Ok can chatgpt understand the super ambiguous requirement demanded by the customer, translate it into something meaningful to implement, anticipate what the customer actually wants (or will need in the future) and make sure the implementation meets that nuanced complexity? doubt it.

are you all writing hello world for a living?

Parts of our job that require skill and parts of our job that require time are not the same.

"understand the super ambiguous requirement demanded by the customer, translate it into something meaningful to implement, anticipate what the customer actually wants (or will need in the future) and make sure the implementation meets that nuanced complexity" takes skill, but that is NOT what takes up most of the workday, implementation does - and if a tool saves some meaningful time on the implementation part, then the same project can be done in the same time with less people, i.e. replacing some jobs.

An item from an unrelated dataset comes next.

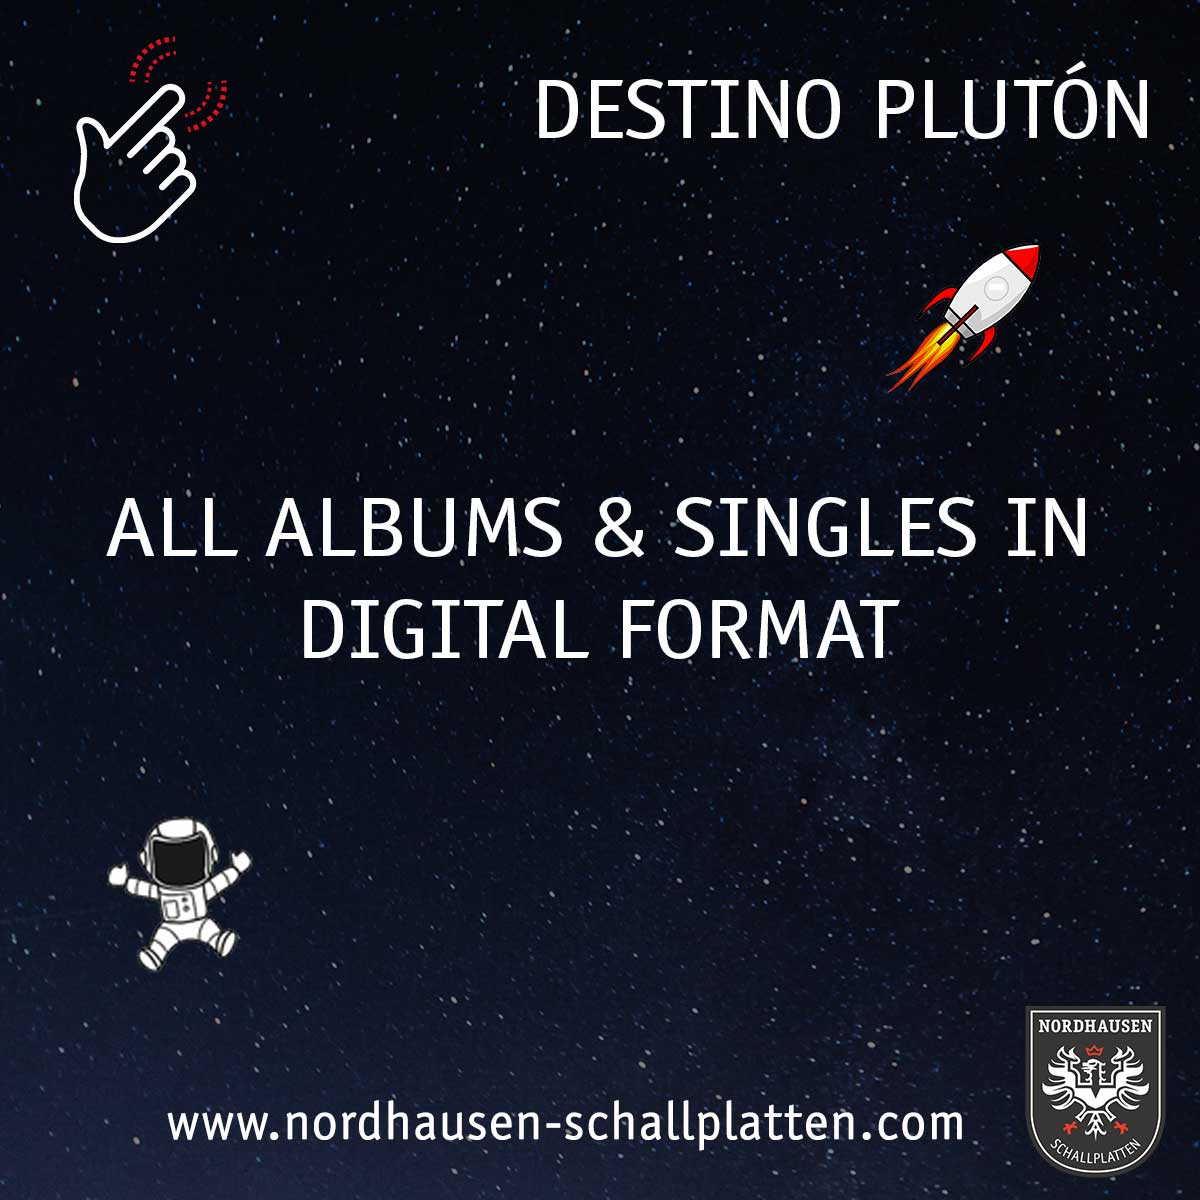 Destino Plutón

> that is NOT what takes up most of the workday, implementation does - and if a tool saves some meaningful time on the implementation part

Sorry no, completely untrue here, its about debugging and inter system complexity and getting stuff like debug artifacts together, using various tools, debugger, sniffers here, trace analyzers there, having clue and figuring out the bug, and then fixing it, but please not the surface quick fix, but understanding the root cause (though ChatGPT couldn't even do the first thing well even if guided to most of these I guess, unless trained on multiple 100k to million loc code bases, which would not happen for other reasons)...

Pure implementation is the easy part (even if actually hard) and not taking up the workday, I'd wished it would more often..

It can help on those fun tasks like doing a visualization of some data for these things sometimes.. but there it is 50% great, other 50% I would have better used google skills and directly headed to docs or Stackoverflow where I can judge answers better, or transfer them to my problem more easy.

I personally doubt even ChatGPT10 will be able to do all these various tasks and reason between them...and even if, how much computing power should be there for how many tech people world-wide? I wonder I never read about scaling and limits..

I simply asked whether they were using 3 or 4. I don't have access to 4 yet.
Yes that's exactly what I do, except they're not really all that well documented.

What are you doing in your daily biz? Could you provide some specific examples I'd like to see how chatgpt reacts to them.

I'm using 4 and I still am constantly having to babysit it and challenge it to get a working result out of it. Don't get me wrong it is absolutely saving me time, but it is very much like being the teacher of a very fast typing junior dev.